My question is , if the the HTM system in modeled as non Spiking , where as the real brain is a spiking system which also has inhibitory neurons , how is this accounted in HTM ?
HTM has several steps of winners-take-all competition. In the spatial pooler, a winners-take-all competition selects a sparse set of maximally activated columns, and in the temporal memory, a winners-take-all competition selects the cells that were predicted in each column.
These competitive steps are implemented in the brain by inhibitory neurons that inhibit weakly-activated cells in response to the firing of strongly activated cells.
I don’t know if HTM fully takes in consideration the fact that there are multiple class of inhibitory neurons in the cortex. Apparently those interneurons seems to be quite different (in distribution and characteristics) . In particular L1-L2/3 seems to have a combination of two interneurons (called VIP and non-VIP), L4 has mostly PV interneurons, L5b-L6 has a mix of PV and SST (see fig 2 in ).
SP seems to fit into PV characteristics (large, low input resistance, targets pyramidal cells, etc…). In contrast, VIP interneurons targets other interneurons, has large input resistance, etc… Are those VIP useful for averaging activity across time to narrow-down a stable “temporal” pooling? Perhaps this is important … perhaps no…
 R. Tremblay, S. Lee, and B. Rudy, “GABAergic Interneurons in the Neocortex: From Cellular Properties to Circuits,” Neuron, vol. 91, no. 2, pp. 260–292, 2016.
There are many types of inhibitory neurons. As a group they comprise about 20% of the neurons in the neocortex. None are known to send an axon outside of the local region/column and therefore the general belief is they are not part of the flow of information but instead play a regulatory role. We don’t believe it is that simple. As Jake points out HTM requires fast inhibition in pretty much everything it does. The spatial pooler also requires minicolumn to minicolumn inhibition and it requires a special type of double inhibition to force all the cells in a minicolumn to learn the same basic receptive field. I have spent some time looking through the literature to see if inhibitory neurons can indeed do these things. For example, some inhibitory neurons that are believed to enforce minicolumns also have learned rfs similar to the excitatory cells in the minicolumn. This is what the SP needs. So far we have found what we need, but the literature on inhibitory neurons is not very complete.
We have not written up these findings anywhere. When creating SW models we don’t need to model the inhibitory neurons per se, we achieve the equivalent result via various coded rules. For example we can just enforce sparsity with a few lines of code and not model the inhibitory neurons that achieve this in the cortex.
There are multiple schools of thought about spiking.
- Individual spikes and the interval between individual spikes matter, they carry information. The main argument for this is it allows more information to be conveyed.
- The rate of spiking is what matters, this allows the neuron to send a scalar value.
- Neurons have different modes of spiking, such as minibursts vs. regular spiiking.
- Neurons are binary, either they are relatively active or most inactive.
- Neurons have another depolarized state, which plays a key role in network activity.
#1 is not supported by biological observation.
There is biological support for #2 #3 #4 and #5.

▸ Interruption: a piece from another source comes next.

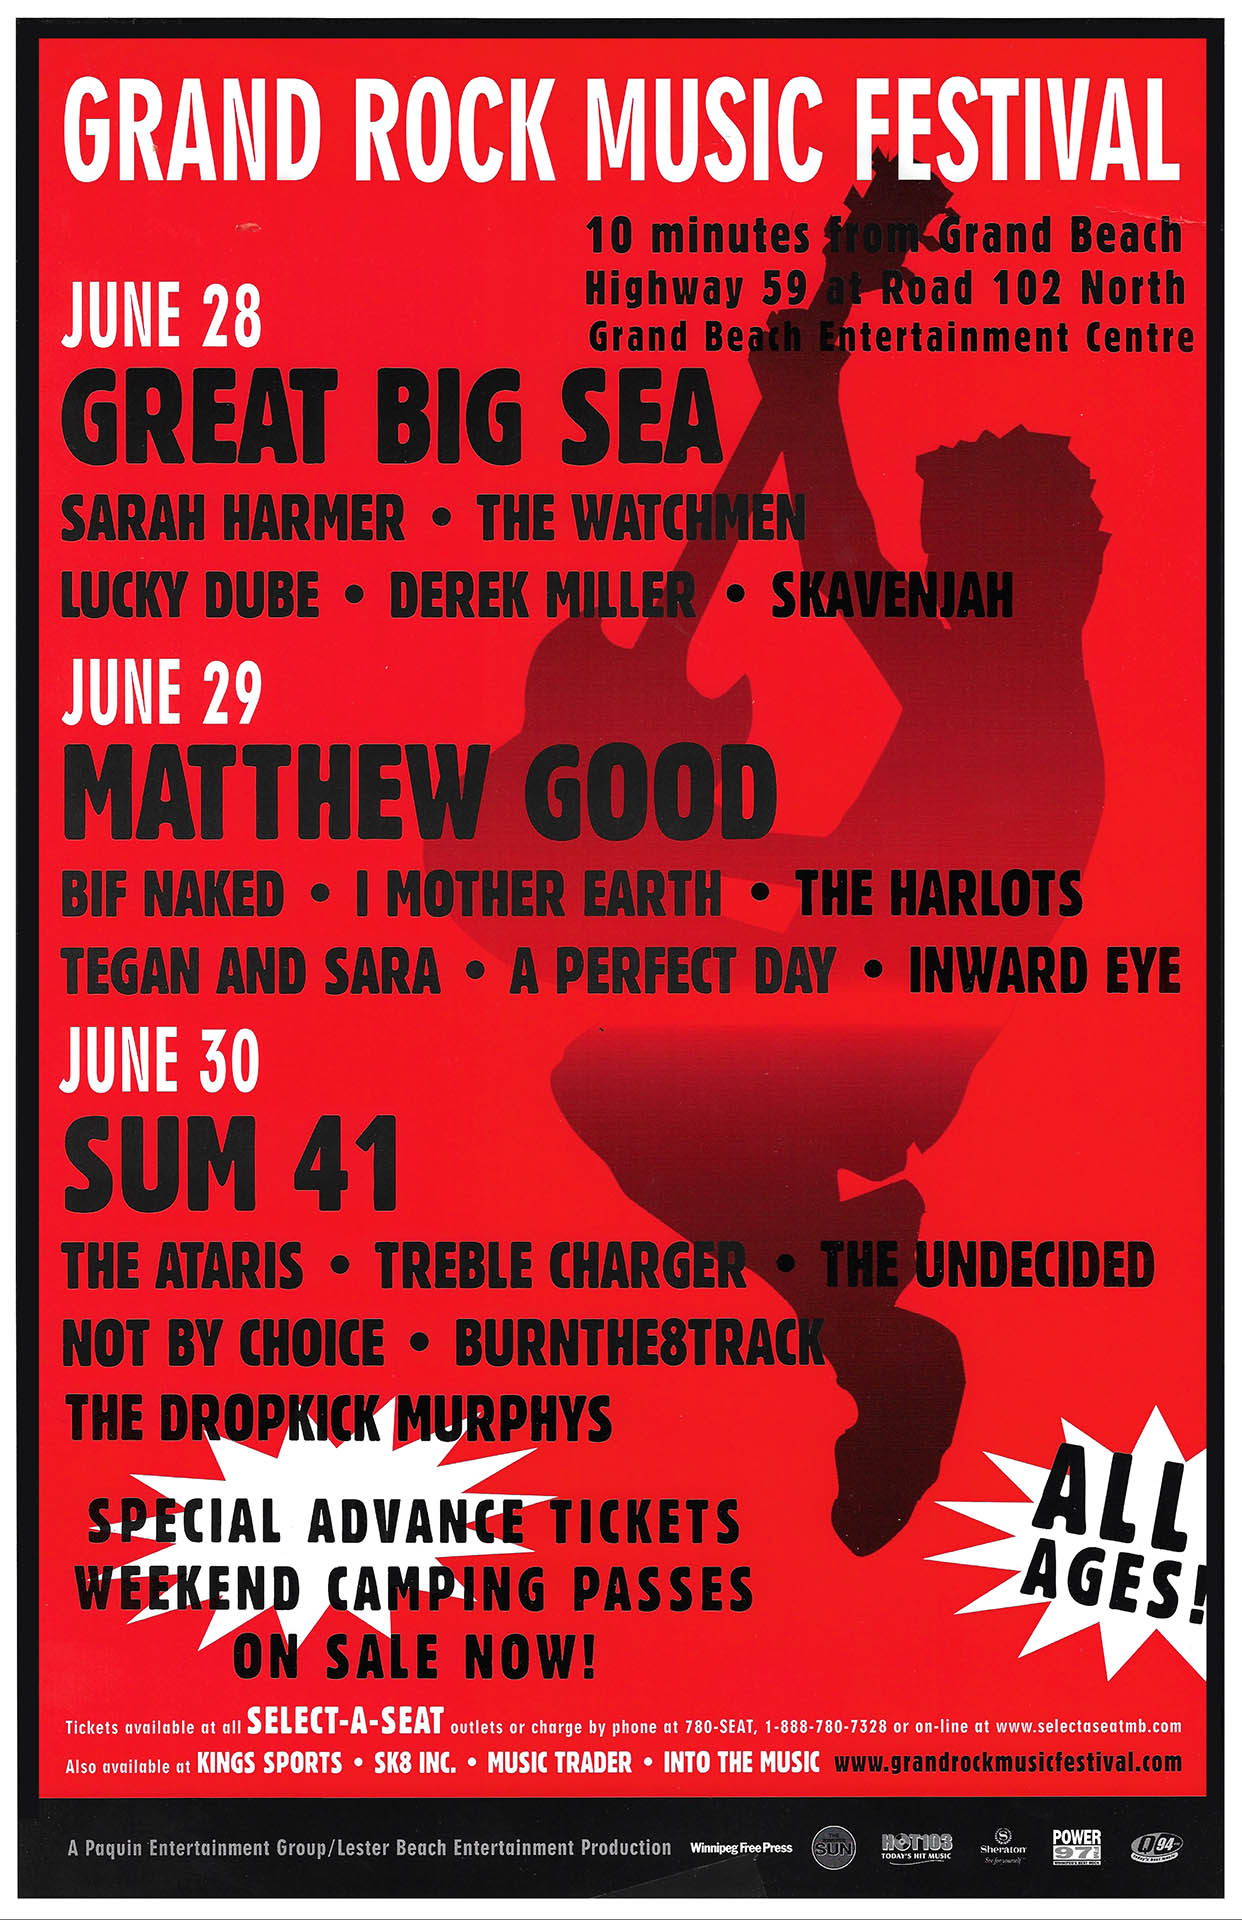 GRAND ROCK MUSIC FESTIVAL – 2002

HTM theory introduced #5 and also relies on #3 and #4.
Our approach is to introduce biological detail when the theory requires it. So far we have not found a need for #2. Even if the brain uses #2, SDRs can achieve the same result without rate encoding. However, just last week we found a theoretical need for rate encoding (#2) in how grid cells learn. It came from reading the SLAM paper Jake recommended. If we implement this learning feature we may still decide to model the feature using neurons without rate encoding, because…
There are many people interested in building HW for AI and machine intelligence. When creating HW there is a huge advantage to making neuron output binary, or multi-state, but not scalar.
@jhawkins i think HTM can also support spikes when we put all spikes into an integrator, which converts spikes and time interval between spikes into scalar values or we need a special spikes encoder!
Hey Deric. In response to your withdrawn question about active dendrite properties. Check out Jeff and Subutai’s paper on exactly that:
Why Neurons Have Thousands of Synapses, A Theory of Sequence Memory in Neocortex. https://arxiv.org/abs/1511.00083
In short, local regions of the dendrite can act as individual nonlinear pattern detectors, allowing each cell to predict its own activity by learning hundreds of different sparse patterns.
Thanks jake , it clears out most of my questions.